Practical Applications
Immediate Applications
Below are concrete ways the paper’s semantics-first, hierarchical video prediction framework (Re2Pix) can be applied today, leveraging its open-source implementation, training efficiency, and demonstrated gains in temporal semantic consistency and perceptual quality.
- Semantics-first video prediction for autonomous driving and ADAS
- Sectors: Automotive, Robotics
- What: Integrate Re2Pix as a predictive perception module to anticipate near-future frames around the ego-vehicle, improving tracking stability, occlusion handling, and short-horizon planning (e.g., 0.5–2 s).
- Tools/workflows/products:
- “Predictive Perception SDK” that feeds predicted VAE latents/frames to planners;
- A plug-in for existing world-model stacks (e.g., replacing baseline latent-prediction modules with Stage-1+Stage-2).
- Assumptions/dependencies: Availability of domain video data for fine-tuning Stage 1; GPU for real-time inference; safety validation for deployment; alignment with vehicle sensor timing.
- Simulation-ready future frame synthesis for training and testing autonomy stacks
- Sectors: Automotive, Robotics, Simulation Software
- What: Use the predicted semantics to condition photorealistic future frames for scenario replay and rare case amplification in simulators.
- Tools/workflows/products:
- Scenario augmentation tool that perturbs predicted semantic maps and re-renders variants;
- Data curation pipeline that mines sequences with high prediction uncertainty for human review.
- Assumptions/dependencies: Simulator integration; careful evaluation of domain shift; compute for batch generation.
- Predictive video analytics and anomaly anticipation in CCTV/traffic cameras
- Sectors: Public Safety, Smart Cities, Transportation
- What: Reduce false alarms by comparing observed vs. predicted future frames to flag deviations (e.g., stalled vehicles, pedestrian intrusion).
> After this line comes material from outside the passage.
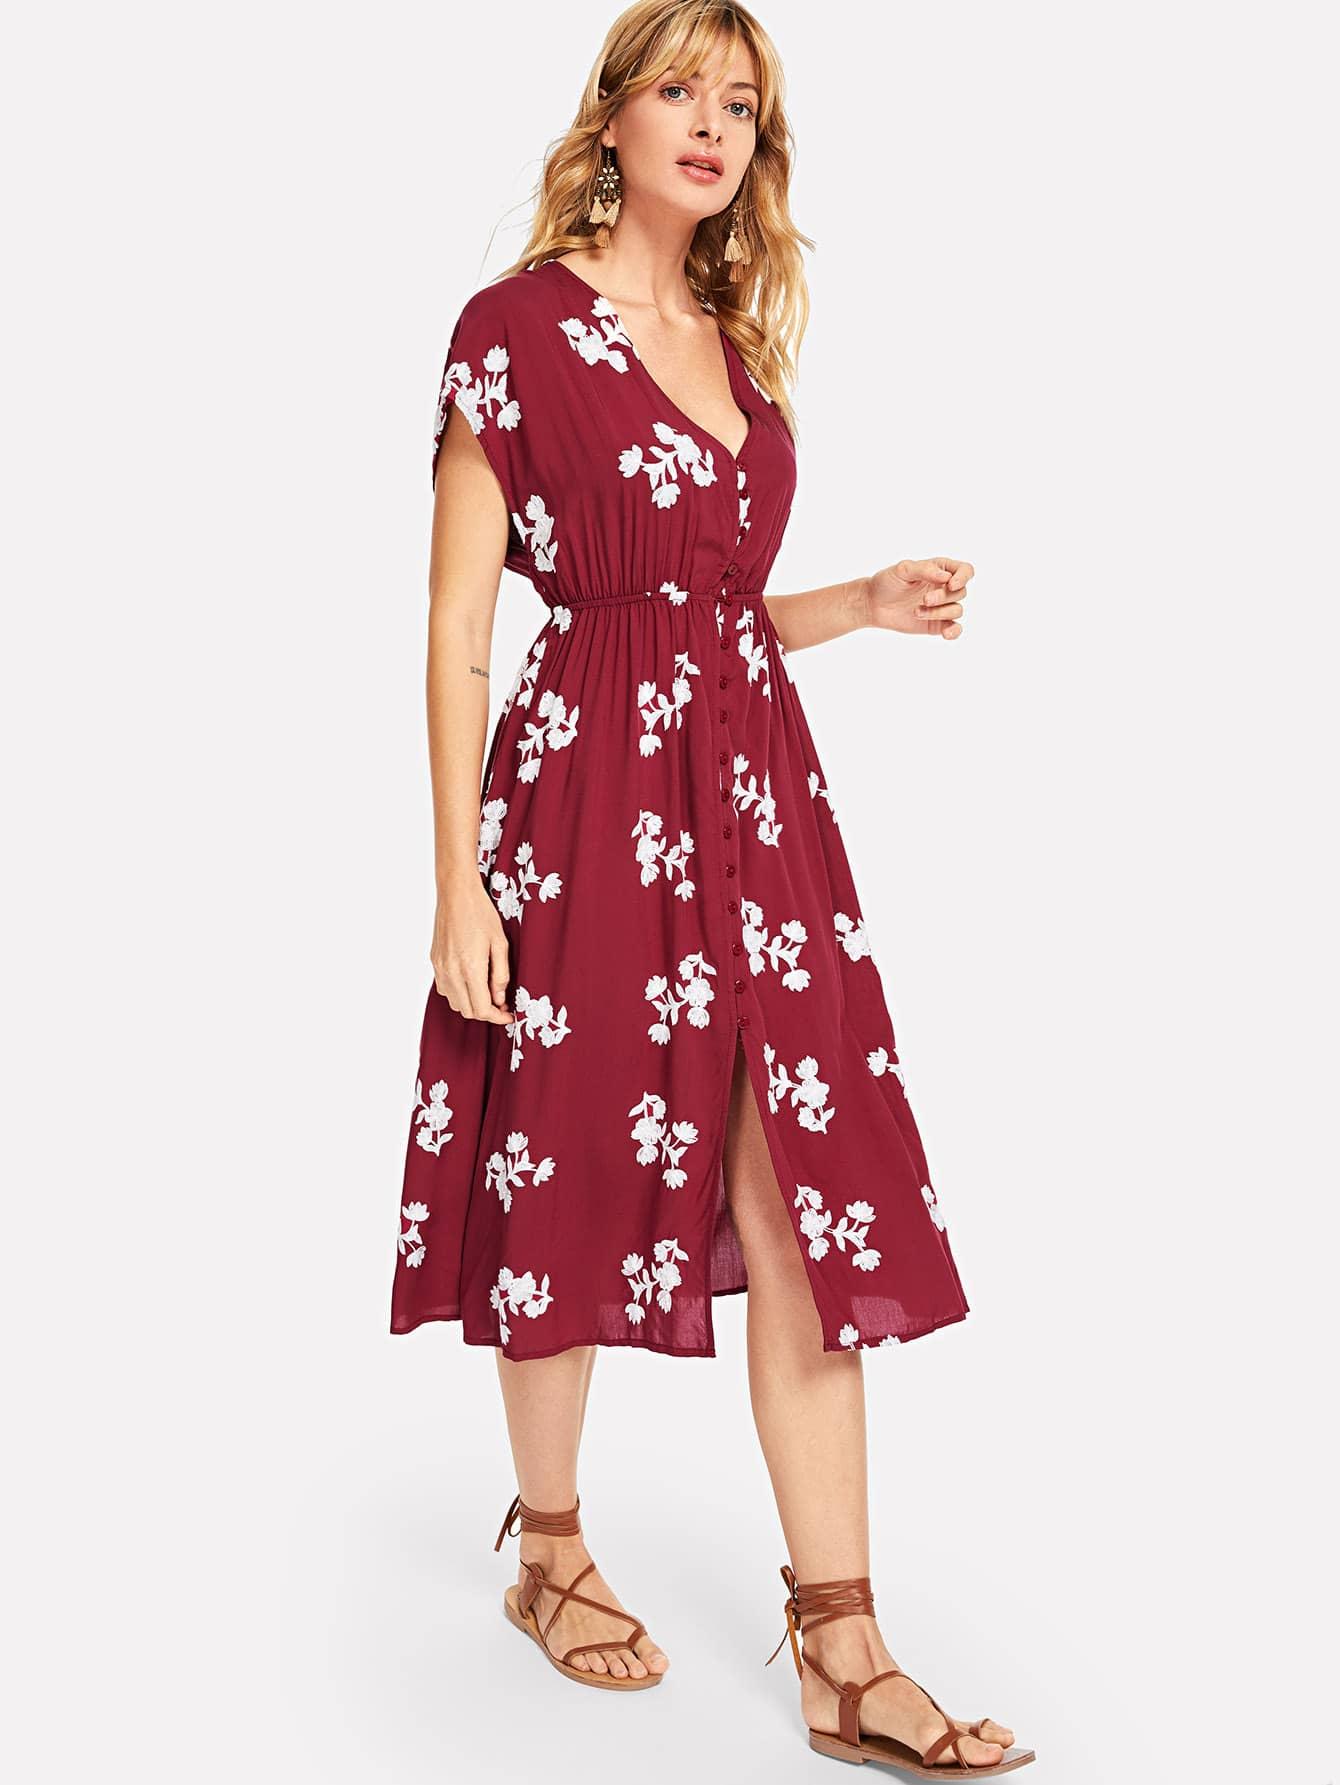 Купить Платье с вышивкой из флакона, Masha, SheIn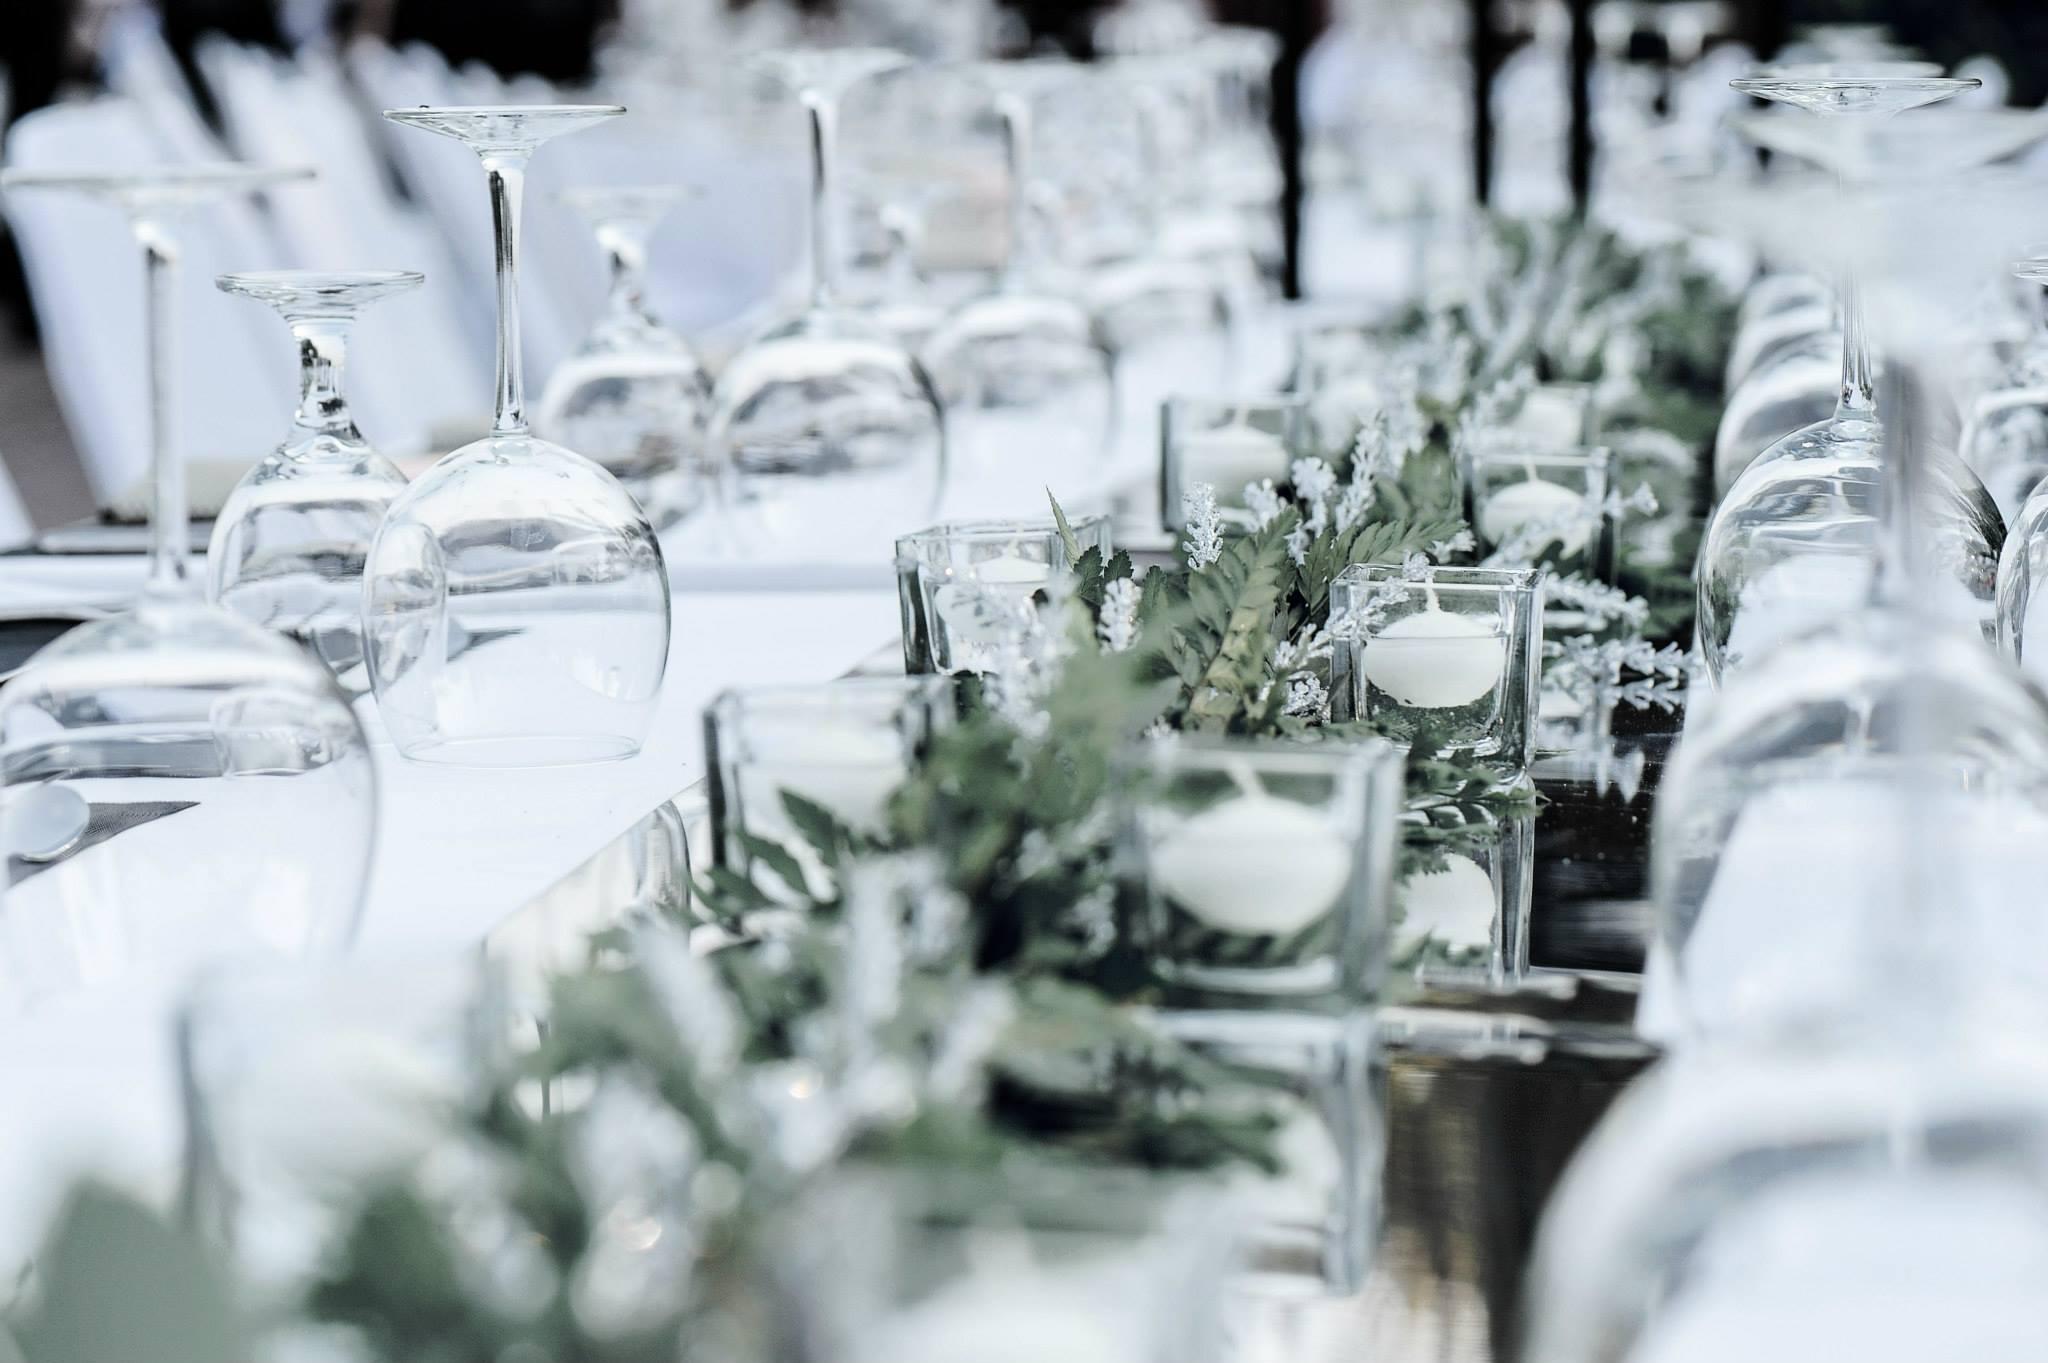 ธีมงานแต่ง โทนสีขาว โดย PHKA Floral Design Studio

- Tools/workflows/products:
- “Future-Frame Divergence” monitor that scores deviations per region;
- Dashboard for operators with predicted overlays.
- Assumptions/dependencies: Legal/privacy compliance; calibration to camera viewpoints; edge-accelerated inference or server offloading.
- Warehouse and factory mobile robotics: short-horizon predictive perception
- Sectors: Industrial Robotics, Logistics
- What: Anticipate human/robot trajectories and occlusions for safer navigation using semantics-first forecasts that reduce flicker/identity drift.
- Tools/workflows/products:
- ROS-compatible module providing predicted feature maps and synthesized views;
- Integration with MPC controllers that ingest predictions at fixed latency.
- Assumptions/dependencies: Domain adaptation of Stage 1 features; verified latency budgets; GPU/accelerator on-board or low-latency edge link.
- Video-based quality and safety monitoring on production lines
- Sectors: Manufacturing
- What: Predict imminent visual states (e.g., misalignment, object collisions) to trigger early interventions.
- Tools/workflows/products:
- Alerting service comparing predicted vs. actual frames;
- Operator UI with “next-frame” previews.
- Assumptions/dependencies: Stationary camera setups; labeled exemplars for threshold calibration; robust lighting-invariance via VFM features.
- Sports broadcast and analytics overlays
- Sectors: Media, Sports Tech
- What: Generate short-horizon anticipated views to enhance replays, coaching tools, or on-screen guidance (e.g., likely ball path or player motion).
- Tools/workflows/products:
- Broadcast plugin that composites predicted frames;
- Analyst tool exporting predicted semantics for downstream stats.
- Assumptions/dependencies: Camera calibration; model tuning for sport domain; editorial review workflows.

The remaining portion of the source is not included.